*** Begin section ***

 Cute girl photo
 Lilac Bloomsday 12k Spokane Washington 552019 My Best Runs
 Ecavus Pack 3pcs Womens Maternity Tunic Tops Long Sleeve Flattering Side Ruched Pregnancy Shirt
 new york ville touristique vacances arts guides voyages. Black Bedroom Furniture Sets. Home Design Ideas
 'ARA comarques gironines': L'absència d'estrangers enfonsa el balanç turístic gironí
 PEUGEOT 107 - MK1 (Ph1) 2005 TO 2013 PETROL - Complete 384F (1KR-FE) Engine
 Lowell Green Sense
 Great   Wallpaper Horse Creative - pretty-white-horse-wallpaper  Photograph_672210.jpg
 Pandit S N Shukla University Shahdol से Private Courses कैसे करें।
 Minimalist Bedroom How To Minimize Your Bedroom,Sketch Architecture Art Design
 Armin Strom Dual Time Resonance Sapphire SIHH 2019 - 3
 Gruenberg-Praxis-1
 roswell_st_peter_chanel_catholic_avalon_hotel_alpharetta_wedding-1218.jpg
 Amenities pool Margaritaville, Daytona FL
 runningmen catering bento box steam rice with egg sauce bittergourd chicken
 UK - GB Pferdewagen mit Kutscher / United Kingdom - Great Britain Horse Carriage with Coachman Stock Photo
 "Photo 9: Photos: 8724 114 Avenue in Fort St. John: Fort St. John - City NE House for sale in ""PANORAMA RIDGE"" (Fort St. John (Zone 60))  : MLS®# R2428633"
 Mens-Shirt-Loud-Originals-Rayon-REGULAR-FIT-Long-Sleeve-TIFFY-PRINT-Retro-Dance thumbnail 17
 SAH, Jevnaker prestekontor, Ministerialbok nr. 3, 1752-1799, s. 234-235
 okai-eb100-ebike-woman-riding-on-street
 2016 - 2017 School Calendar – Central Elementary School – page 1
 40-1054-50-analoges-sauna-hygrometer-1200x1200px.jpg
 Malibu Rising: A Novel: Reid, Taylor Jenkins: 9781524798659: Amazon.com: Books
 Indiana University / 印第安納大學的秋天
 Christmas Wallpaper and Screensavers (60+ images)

*** End section ***

--- Task goal ---
Give a verbatim copy of the material above.

--- The answer ---
 Cute girl photo
 Lilac Bloomsday 12k Spokane Washington 552019 My Best Runs
 Ecavus Pack 3pcs Womens Maternity Tunic Tops Long Sleeve Flattering Side Ruched Pregnancy Shirt
 new york ville touristique vacances arts guides voyages. Black Bedroom Furniture Sets. Home Design Ideas
 'ARA comarques gironines': L'absència d'estrangers enfonsa el balanç turístic gironí
 PEUGEOT 107 - MK1 (Ph1) 2005 TO 2013 PETROL - Complete 384F (1KR-FE) Engine
 Lowell Green Sense
 Great   Wallpaper Horse Creative - pretty-white-horse-wallpaper  Photograph_672210.jpg
 Pandit S N Shukla University Shahdol से Private Courses कैसे करें।
 Minimalist Bedroom How To Minimize Your Bedroom,Sketch Architecture Art Design
 Armin Strom Dual Time Resonance Sapphire SIHH 2019 - 3
 Gruenberg-Praxis-1
 roswell_st_peter_chanel_catholic_avalon_hotel_alpharetta_wedding-1218.jpg
 Amenities pool Margaritaville, Daytona FL
 runningmen catering bento box steam rice with egg sauce bittergourd chicken
 UK - GB Pferdewagen mit Kutscher / United Kingdom - Great Britain Horse Carriage with Coachman Stock Photo
 "Photo 9: Photos: 8724 114 Avenue in Fort St. John: Fort St. John - City NE House for sale in ""PANORAMA RIDGE"" (Fort St. John (Zone 60))  : MLS®# R2428633"
 Mens-Shirt-Loud-Originals-Rayon-REGULAR-FIT-Long-Sleeve-TIFFY-PRINT-Retro-Dance thumbnail 17
 SAH, Jevnaker prestekontor, Ministerialbok nr. 3, 1752-1799, s. 234-235
 okai-eb100-ebike-woman-riding-on-street
 2016 - 2017 School Calendar – Central Elementary School – page 1
 40-1054-50-analoges-sauna-hygrometer-1200x1200px.jpg
 Malibu Rising: A Novel: Reid, Taylor Jenkins: 9781524798659: Amazon.com: Books
 Indiana University / 印第安納大學的秋天
 Christmas Wallpaper and Screensavers (60+ images)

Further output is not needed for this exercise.